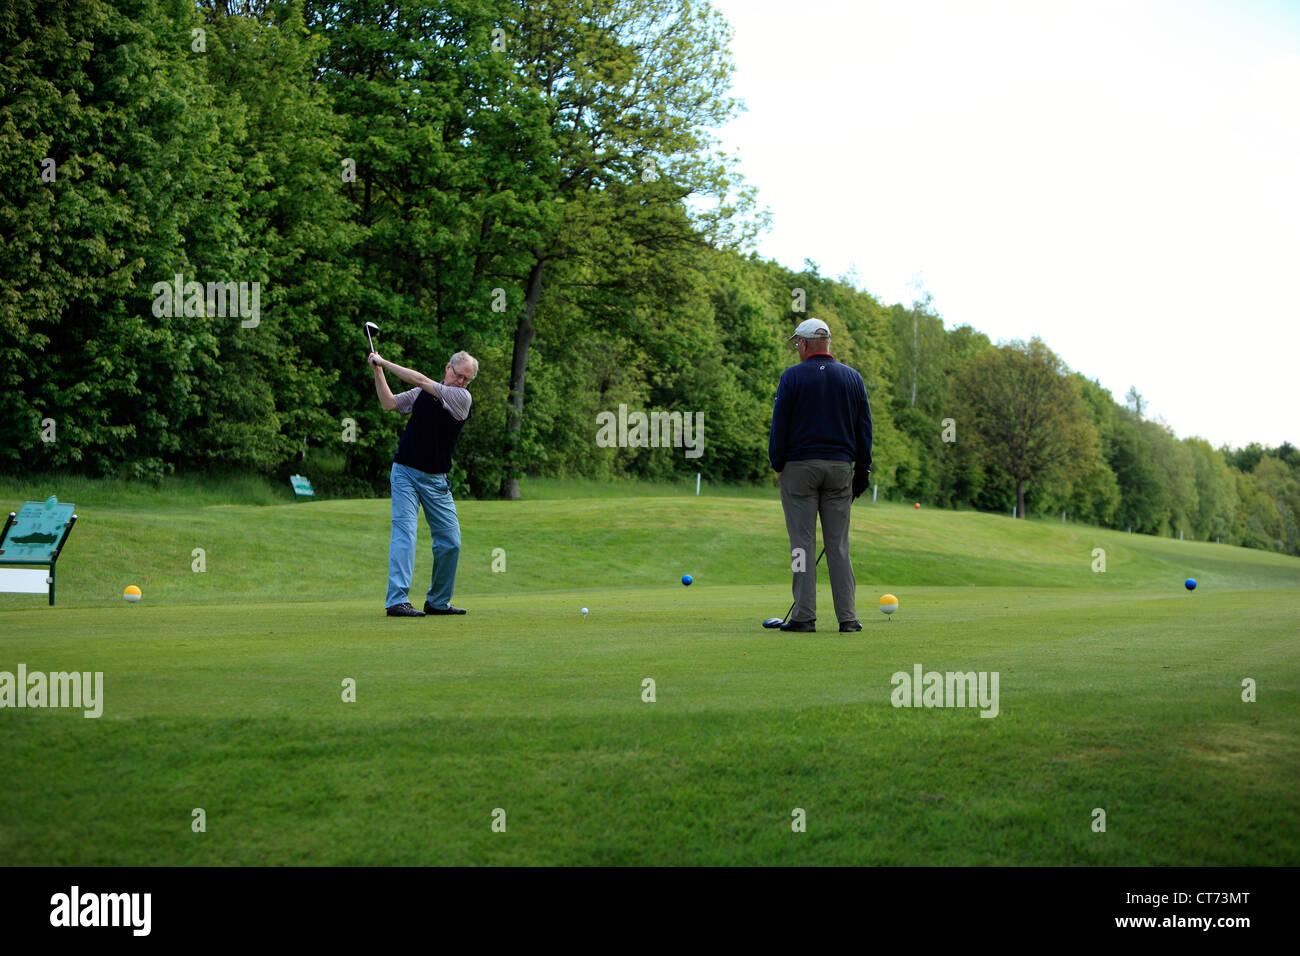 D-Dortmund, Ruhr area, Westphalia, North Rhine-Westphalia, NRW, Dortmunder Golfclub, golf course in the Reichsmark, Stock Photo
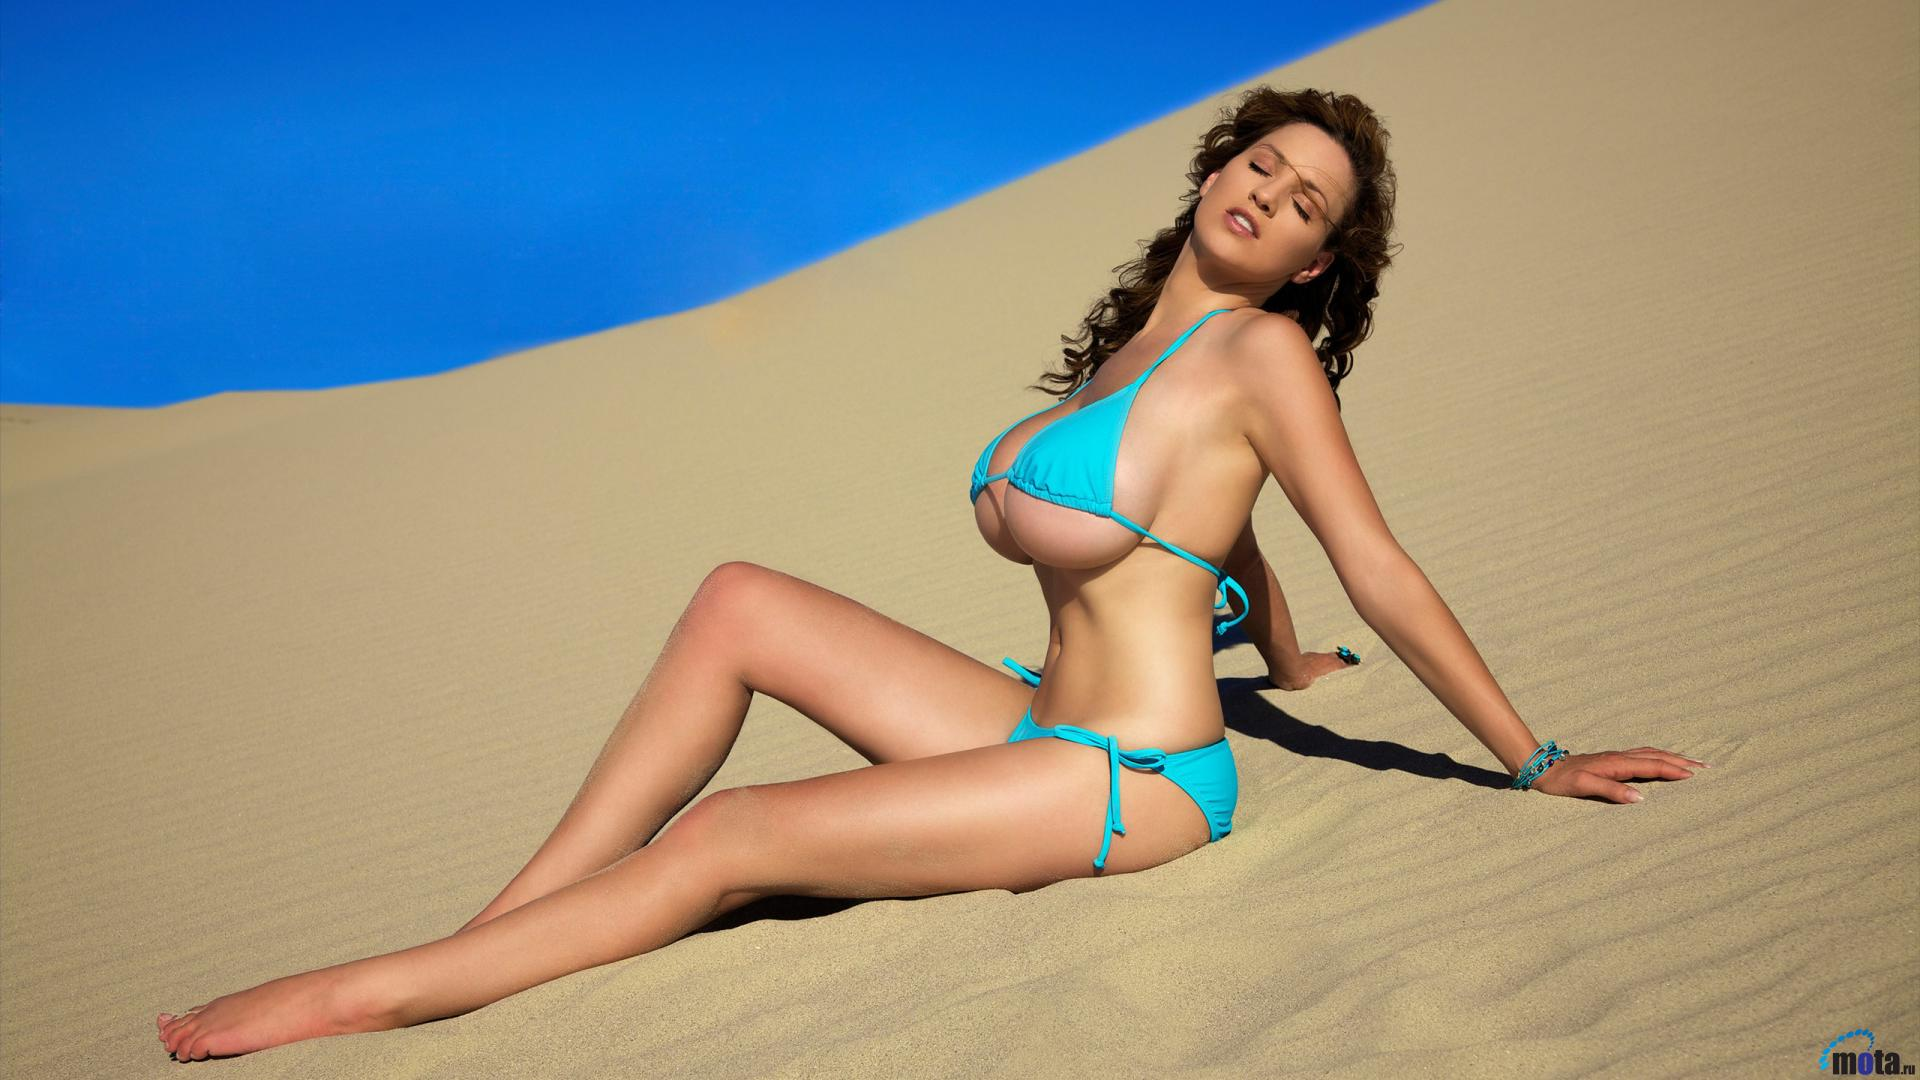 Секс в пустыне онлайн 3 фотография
--
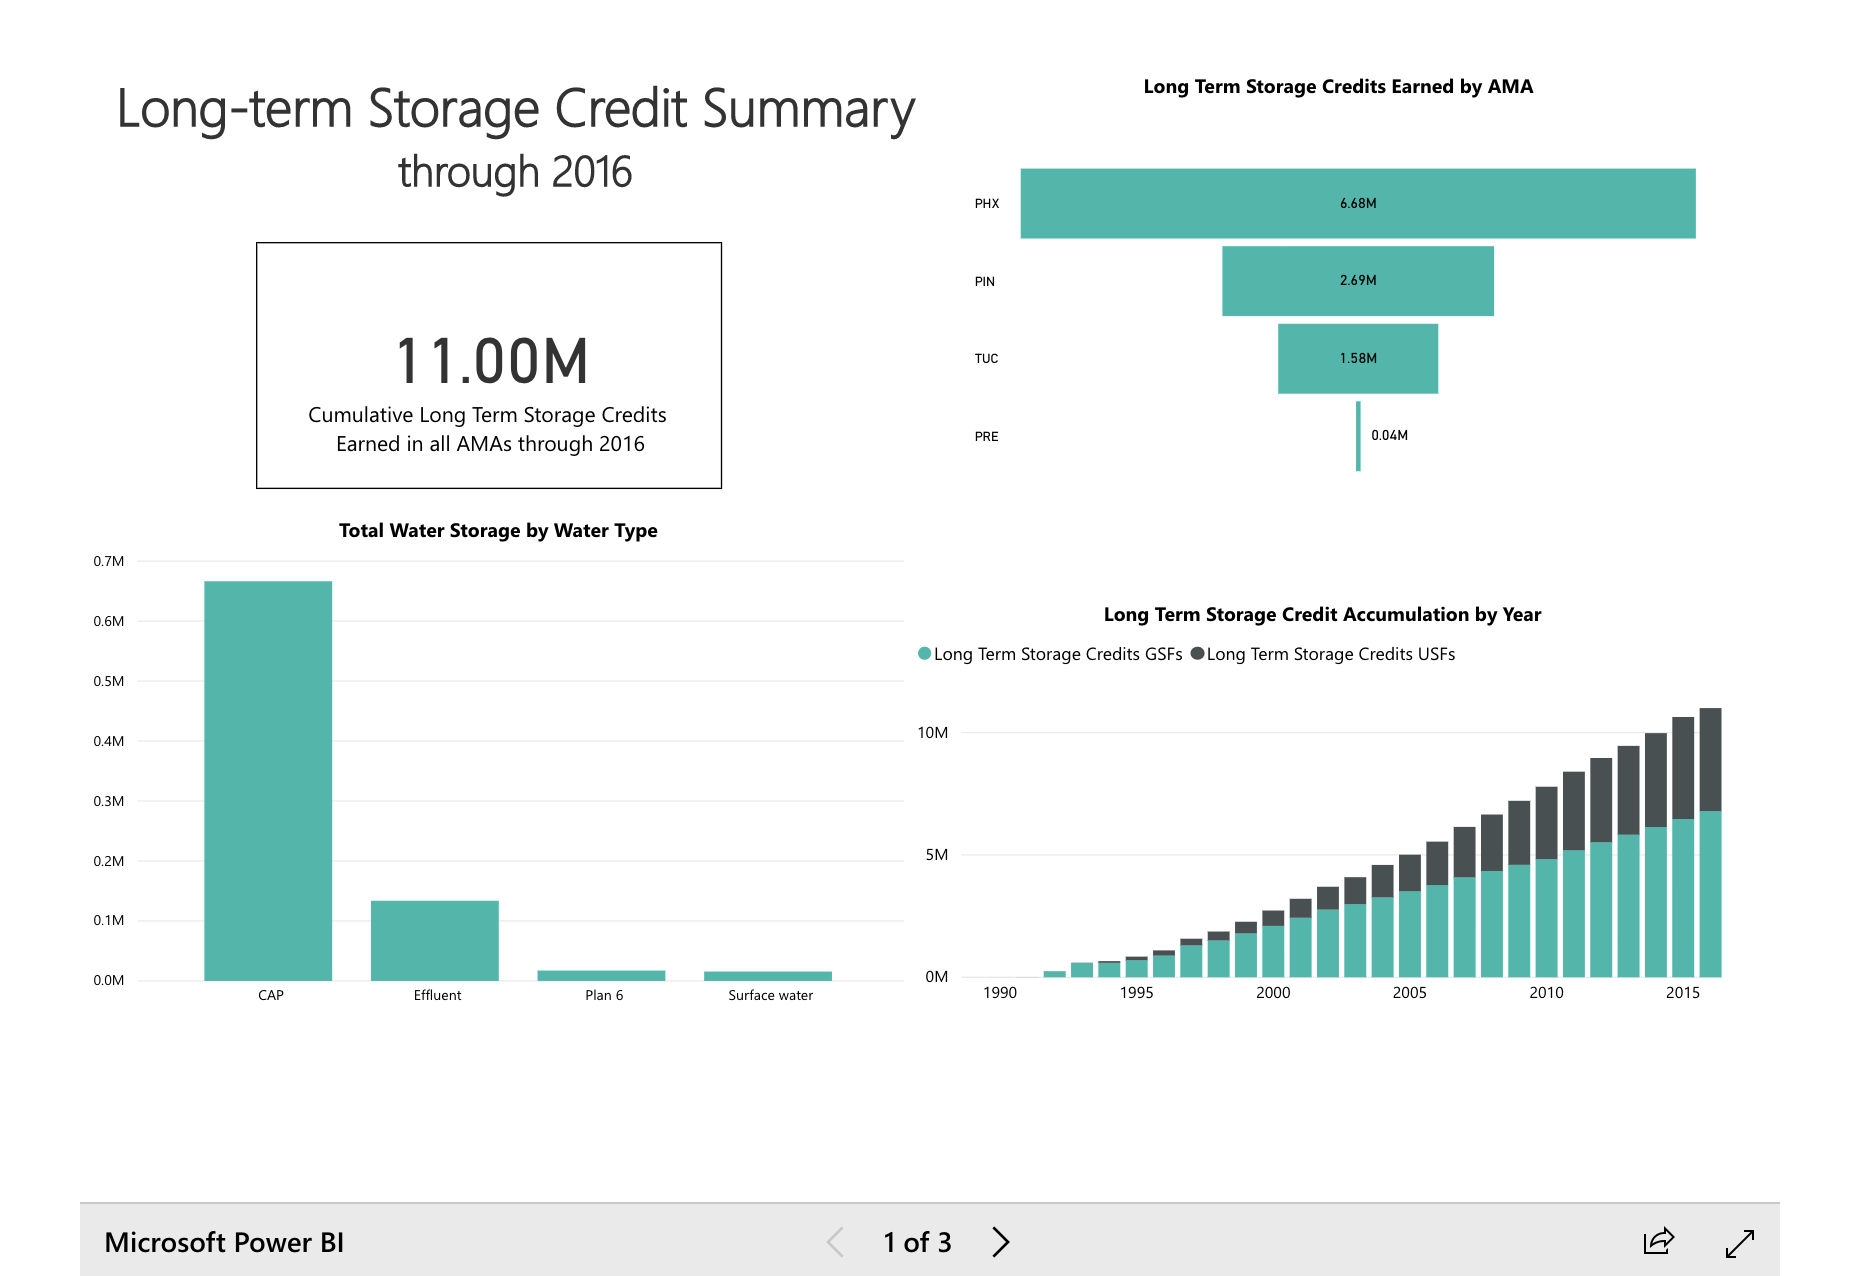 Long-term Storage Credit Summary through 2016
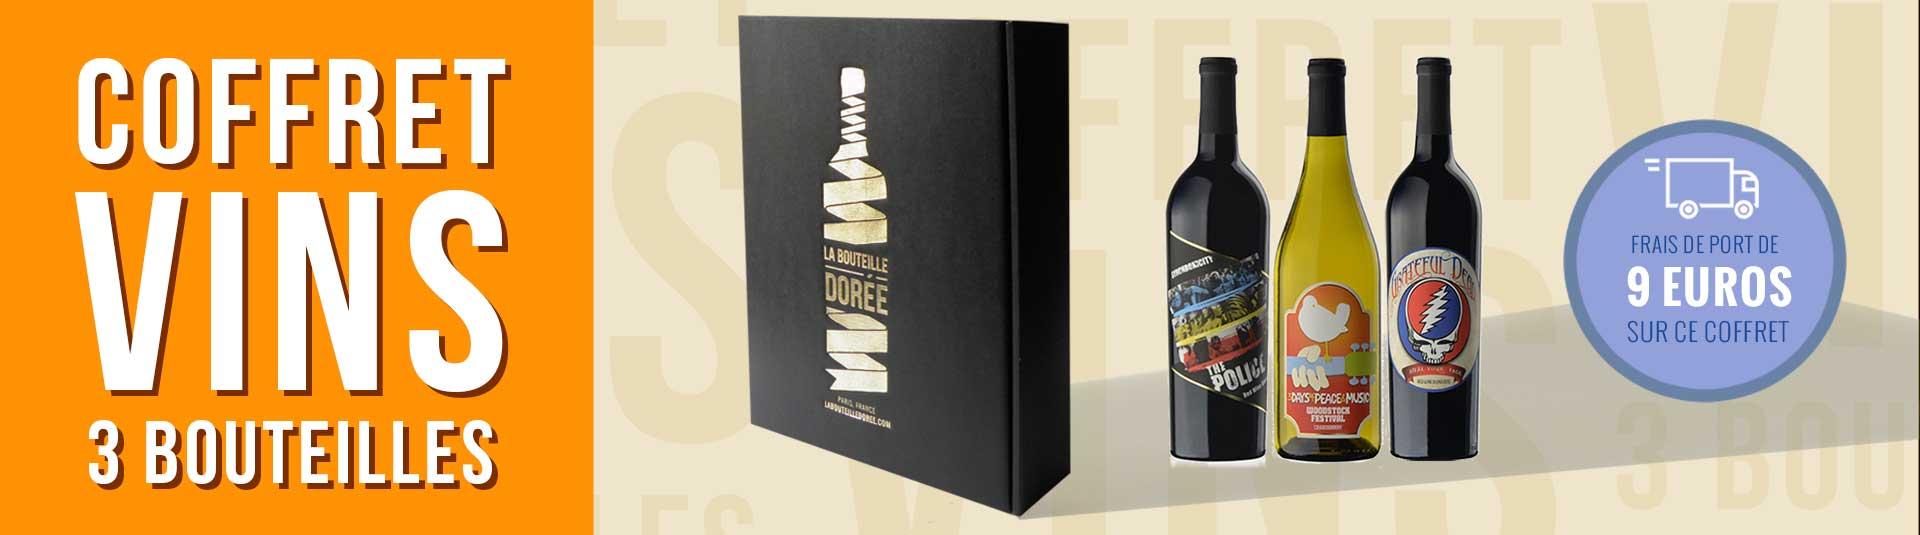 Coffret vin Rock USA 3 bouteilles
* * *
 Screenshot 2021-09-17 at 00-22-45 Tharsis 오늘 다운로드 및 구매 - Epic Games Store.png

Exercise description: From the listing above, restate verbatim the lines running from the one with "D-Dortmund, Ruhr area, Westphalia, North" through the one with "Секс в пустыне онлайн 3 фотография", inclusive, but not the pictures.

Solution:
 D-Dortmund, Ruhr area, Westphalia, North Rhine-Westphalia, NRW, Dortmunder Golfclub, golf course in the Reichsmark, Stock Photo
 Секс в пустыне онлайн 3 фотография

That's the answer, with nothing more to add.